Pippa Middleton confronted critics of her new book "Celebrate" in an essay published Sunday.
The sister of Catherine, Duchess of Cambridge penned a first-person entry published in The Telegraph defending her guidebook on party planning after critics said her work had failed to impress.
"I'm a real foodie- something, I think, not a lot of people know about me," started the 29-year-old entrepreneur.
For those critics who felt that "Celebrate: A Year of Festivities for Families and Friends" was basic and obvious, Middleton said her intention was to make the book "achievable."
"I could have written a book that showcased the most extravagant or elaborate of occasions- after all, I spent three years working for an events company planning parties- but I wanted to produce something that was achievable; something that people would have on their shelves for years; something that was not too fussy- just simple and comforting," she wrote.
She added that her book, which has seen successful sales, was no easy feat.
"'Celebrate,' my book on entertaining, has been a labour of love," noted Middleton. "I have put my heart and soul into it, obsessing over every detail."
The party planner concluded the essay with her plans for the holidays.
"I'm not sure what I'll be doing this year," wrote Middleton. "My worry now, having written this book, is that the pressure will really be on.
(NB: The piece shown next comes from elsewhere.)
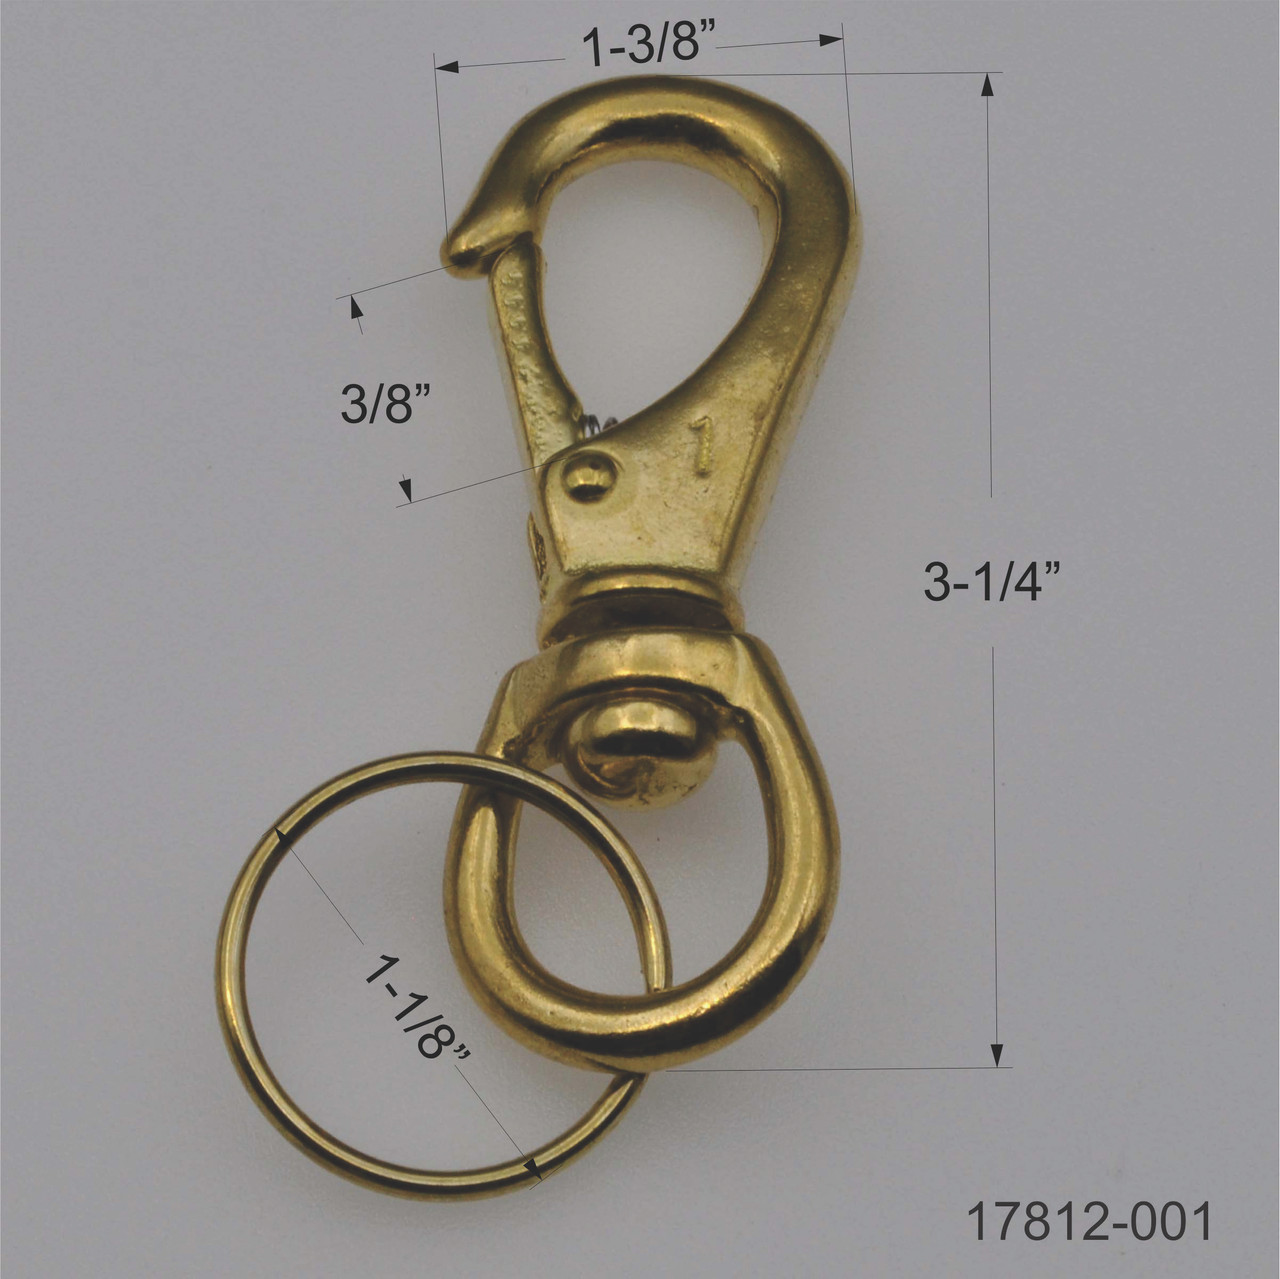 Heavy Duty Boat Snap Clip Key Ring - Solid Brass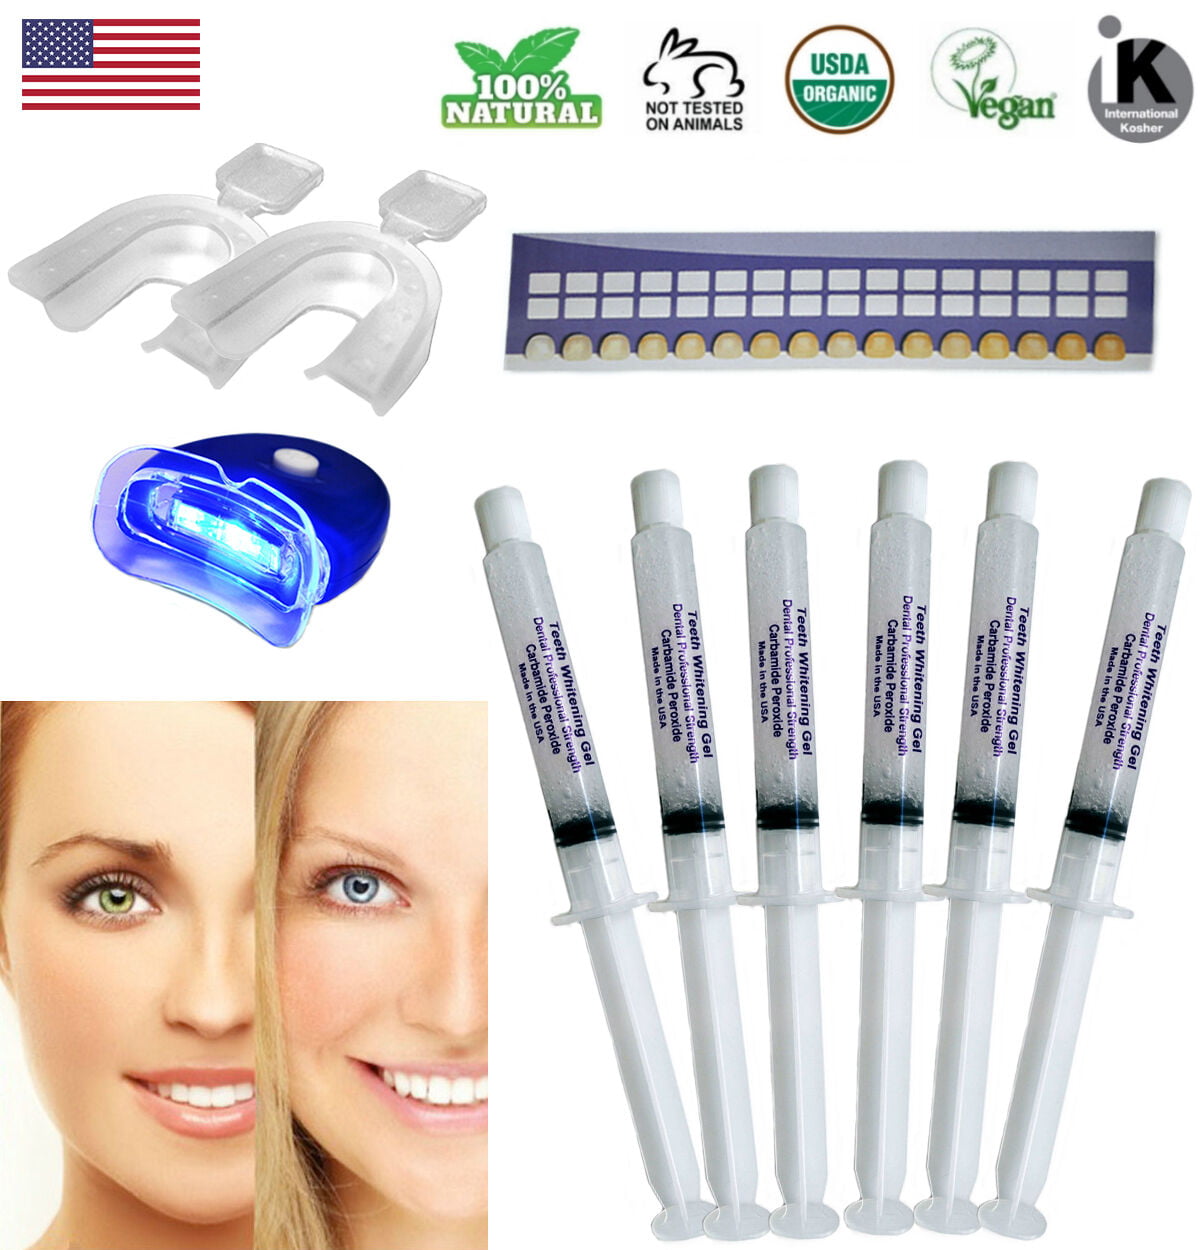 44% Peroxide Teeth Whitening Tooth Bleaching Whitener Kit ...

I'll somehow have to produce the party of the century."
While some critics blasted the book, reviews on Amazon.com revealed that many readers were please with "Celebrate."
One user wrote, "I can't believe all the bad reviews this book is getting. I think it's just jealousy. It's a beautiful book with simple, easy to manage ideas."
"Totally worth the price," wrote Sarah. "Not a skimpy book. It is arranged by seasons and holidays… What I loved most was that everything is simple and pretty easy to do… nothing crazy, and it's very detailed."
Middleton is no stranger to public scrutiny. The sibling of royalty admitted that her catapult into fame following her sister's wedding to Prince William was "startling."
"It is a bit startling to achieve global recognition before the age of 30 on account of your sister, your brother-in-law and your bottom," Middleton told Mail Online via an excerpt from her book.
"One day I might be able to make sense of this. In the meantime I think it's fair to say that is has its upside and its downside," she continued. "I am by nature an optimist so I tend to concentrate on the advantages."